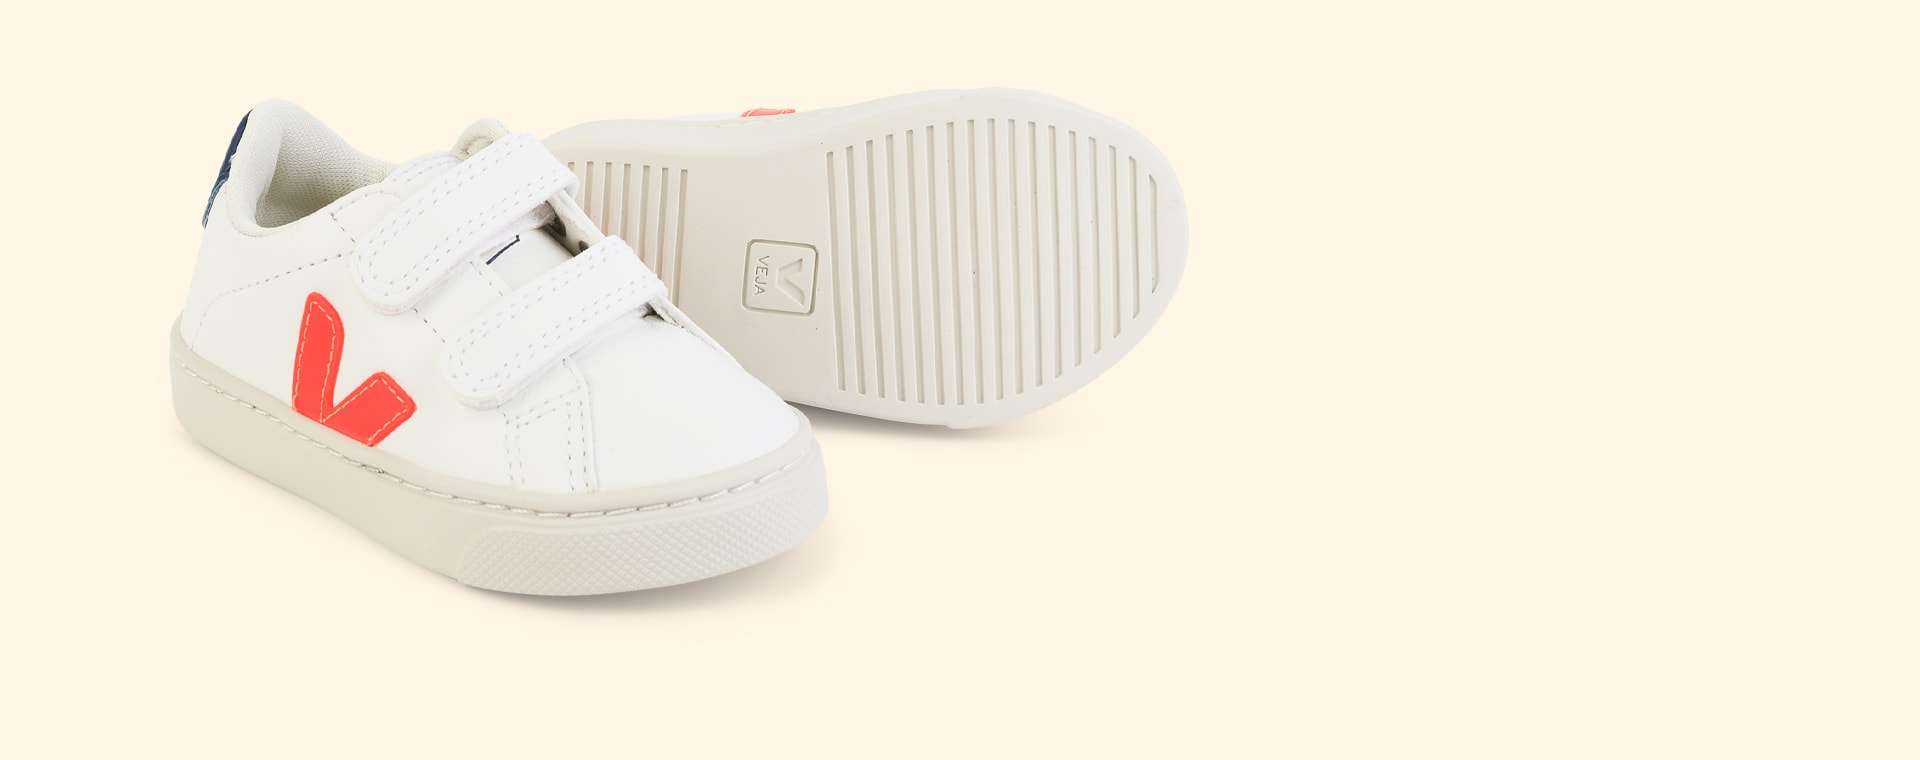 Orange Fluo Cobalt Veja Esplar Small Velcro Trainer
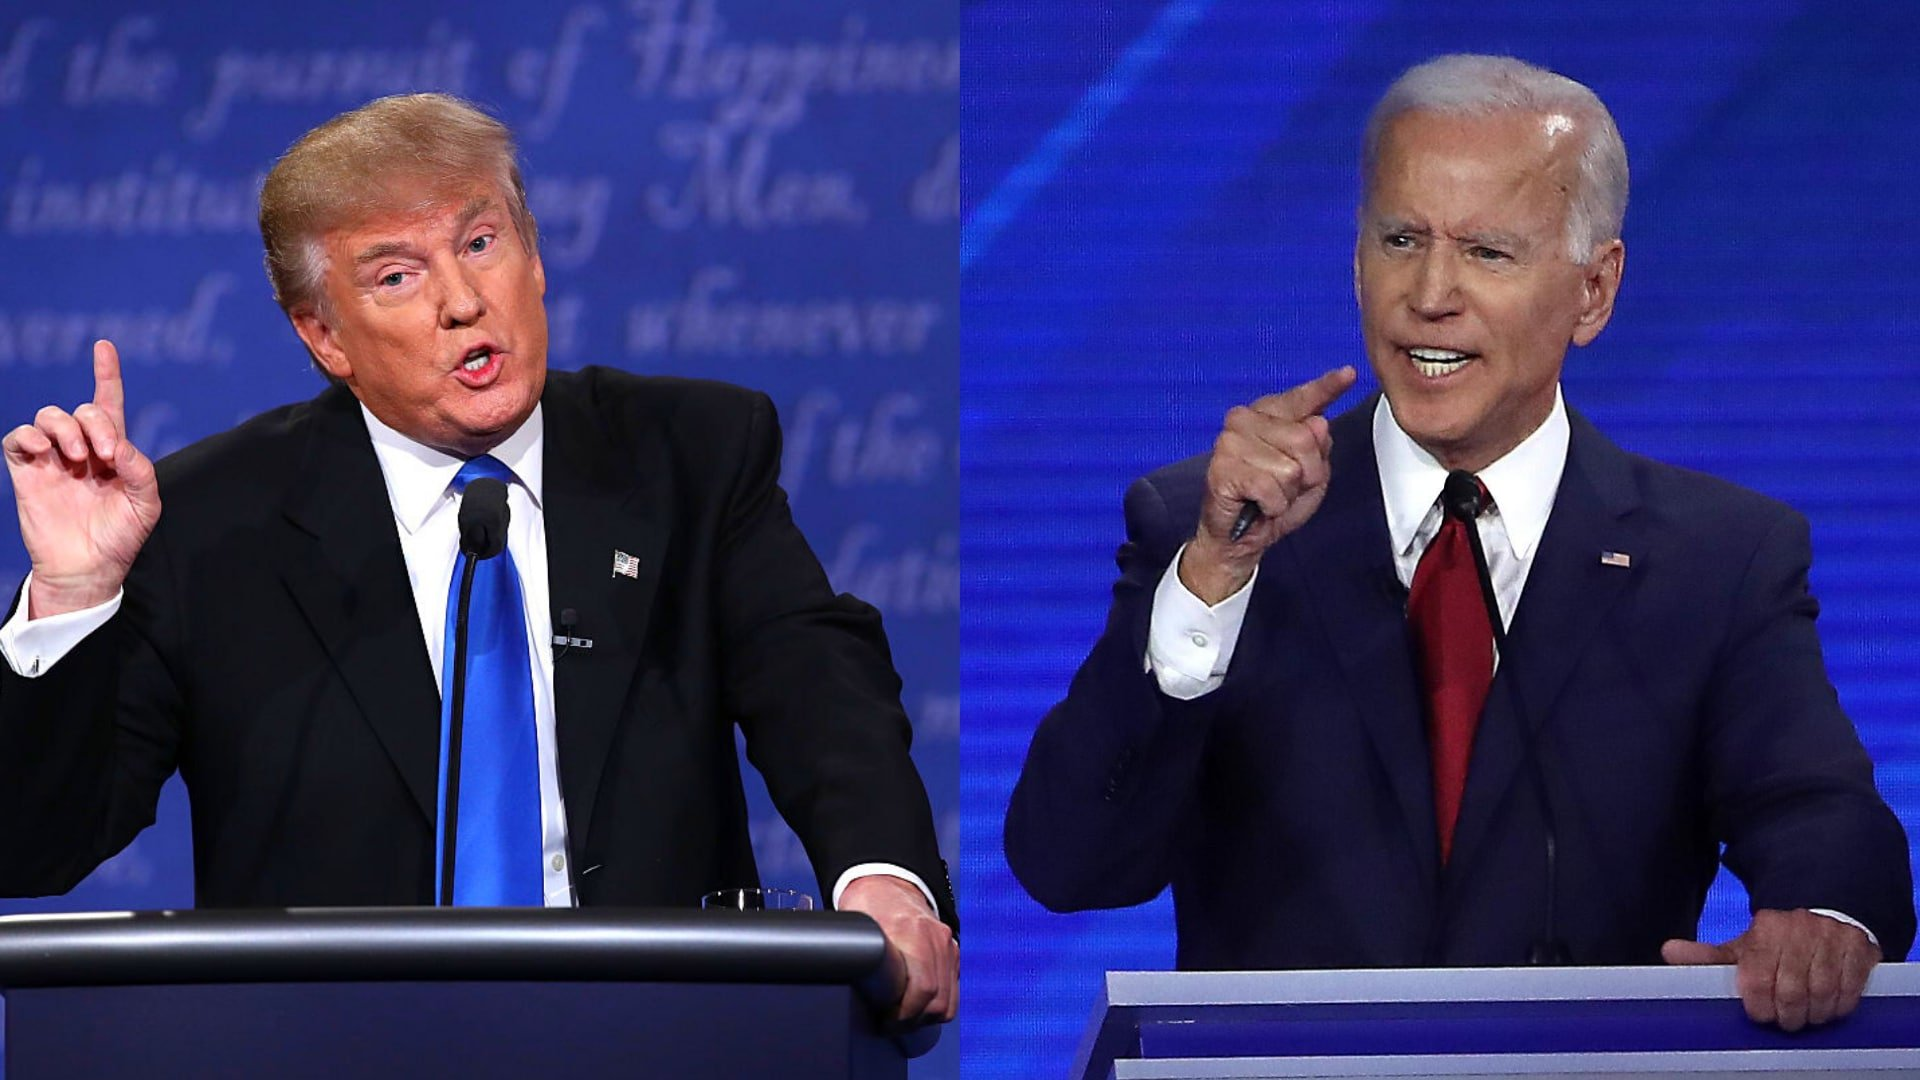 Trump and Biden trade barbs over coronavirus response, masks
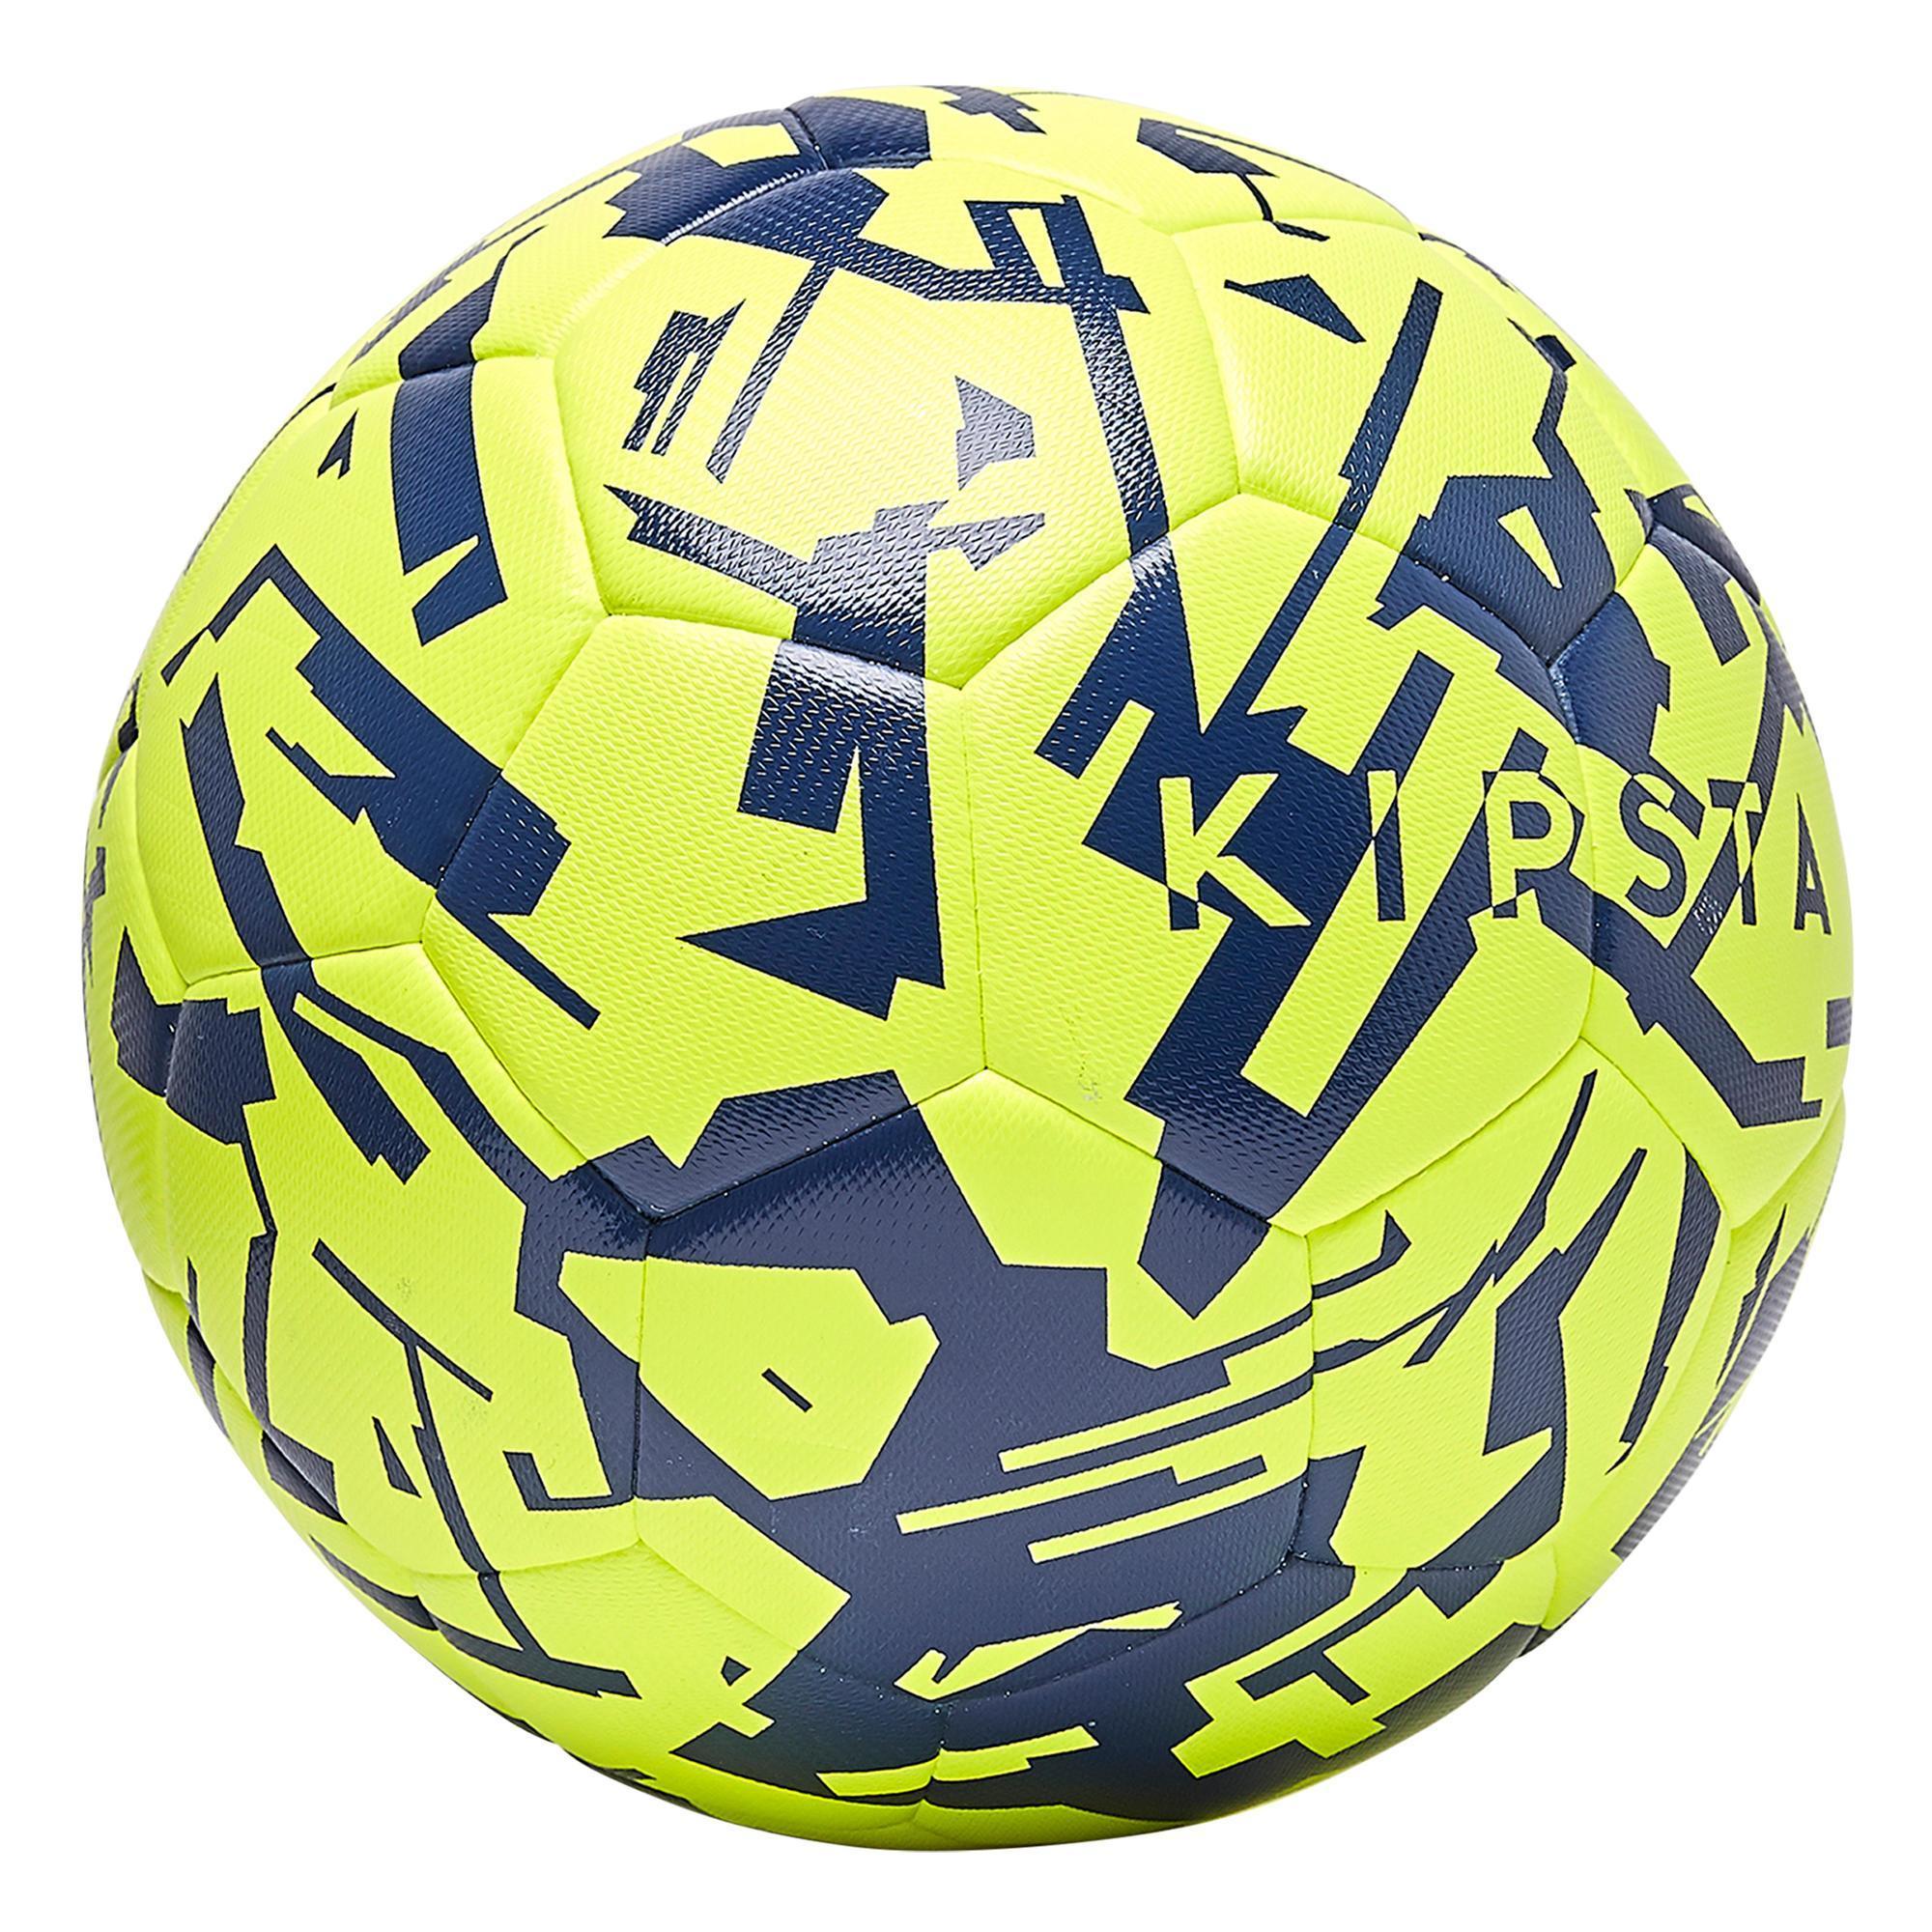 Comprar balones de fútbol ocio pelotas foam decathlon jpg 2000x2000 Kipsta  pelotas de nino e5a49ab3c3efe

YOUR ASSIGNMENT: Each line above must be set down exactly, though no picture should be carried over.

ANSWER TO THE PROBLEM:
 Orange Fluo Cobalt Veja Esplar Small Velcro Trainer
 Trump and Biden trade barbs over coronavirus response, masks
 Comprar balones de fútbol ocio pelotas foam decathlon jpg 2000x2000 Kipsta  pelotas de nino e5a49ab3c3efe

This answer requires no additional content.